Your instructions: Write out the entries below exactly, but only from the line containing "Tracteur routier Ford F max: photos 7" through the line containing "Brittany Mahomes Is", and without the pictures.

== Working data

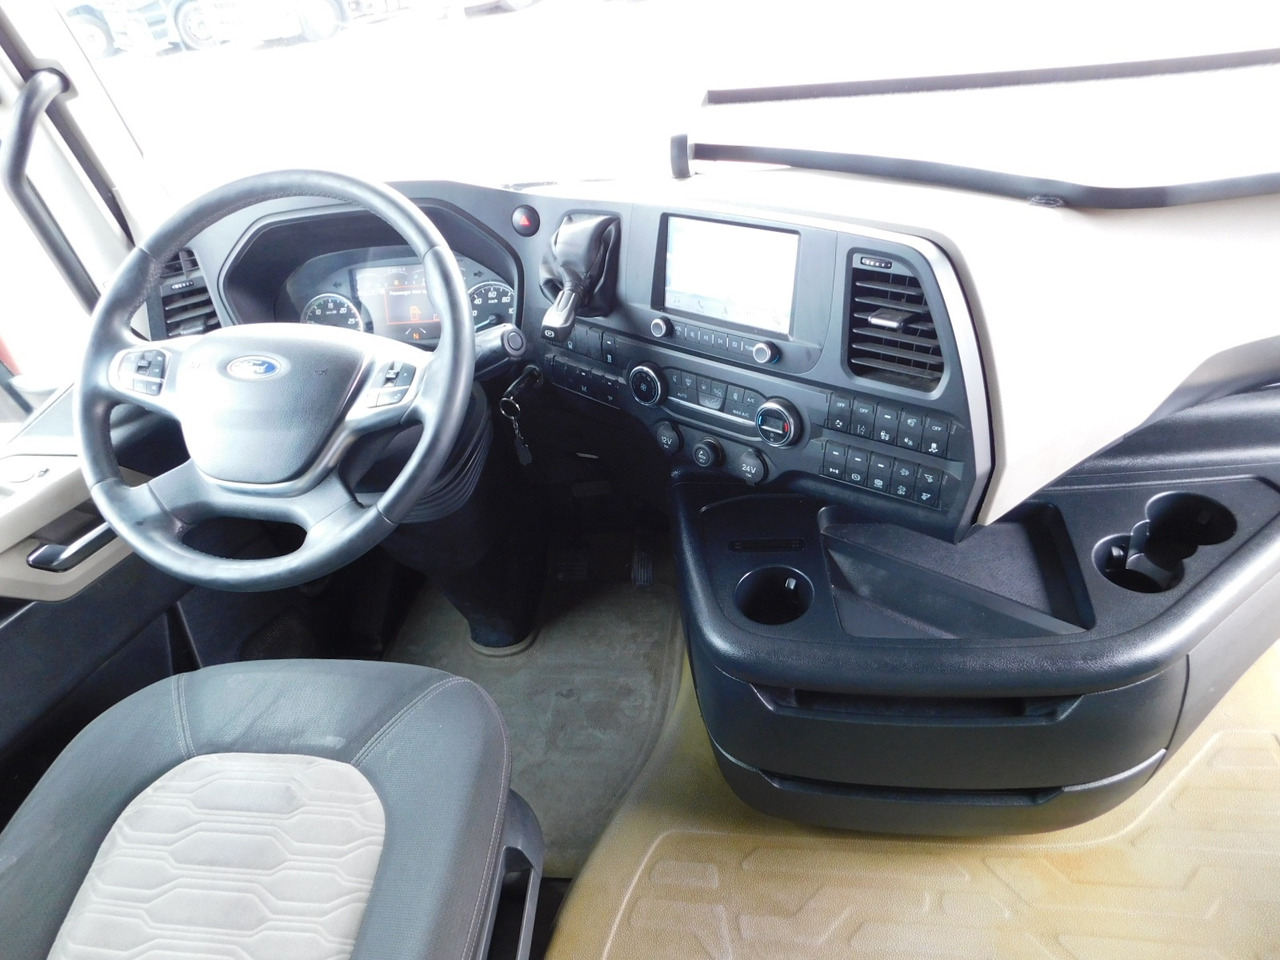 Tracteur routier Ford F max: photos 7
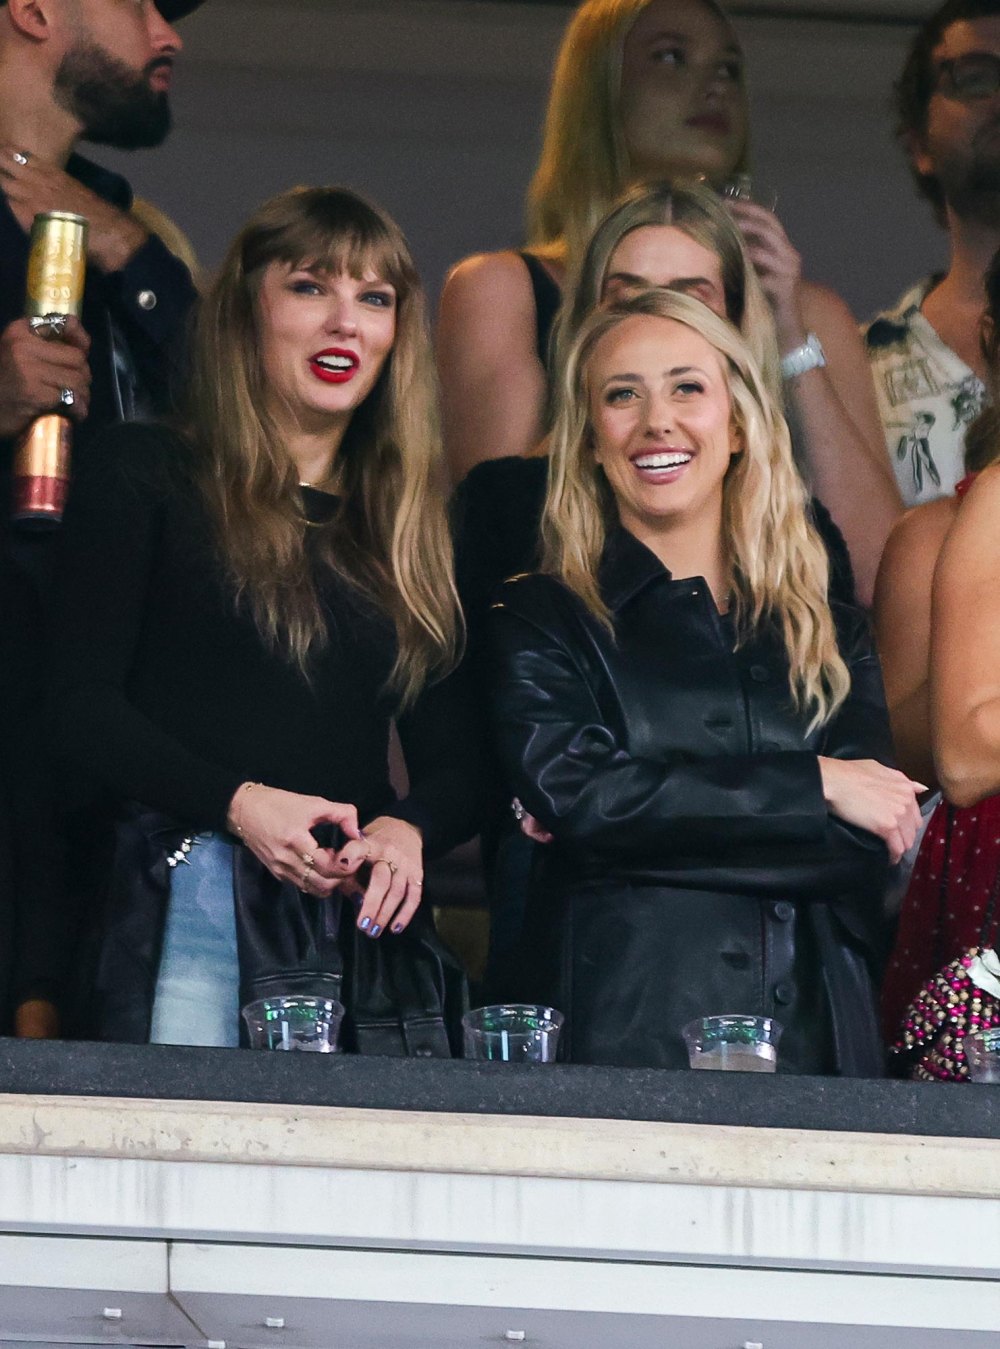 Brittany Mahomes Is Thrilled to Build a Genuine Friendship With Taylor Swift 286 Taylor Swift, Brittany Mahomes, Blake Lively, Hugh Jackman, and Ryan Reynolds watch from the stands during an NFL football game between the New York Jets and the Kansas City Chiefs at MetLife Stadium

====
== Working data

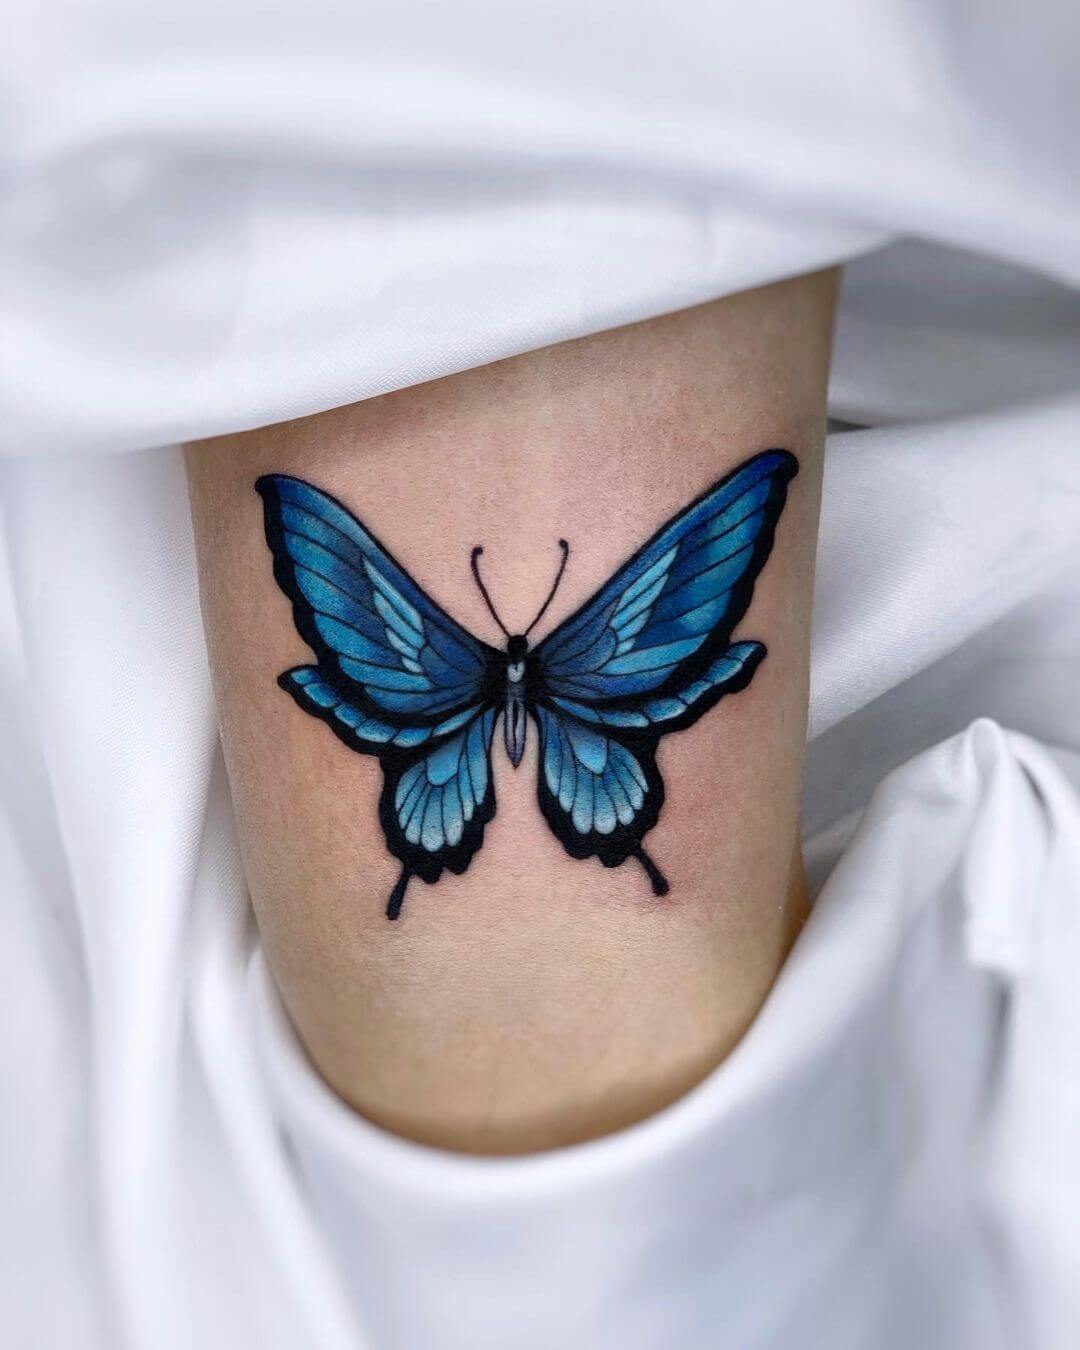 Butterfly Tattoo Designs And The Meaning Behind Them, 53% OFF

====

Answer space:
 Tracteur routier Ford F max: photos 7
 Brittany Mahomes Is Thrilled to Build a Genuine Friendship With Taylor Swift 286 Taylor Swift, Brittany Mahomes, Blake Lively, Hugh Jackman, and Ryan Reynolds watch from the stands during an NFL football game between the New York Jets and the Kansas City Chiefs at MetLife Stadium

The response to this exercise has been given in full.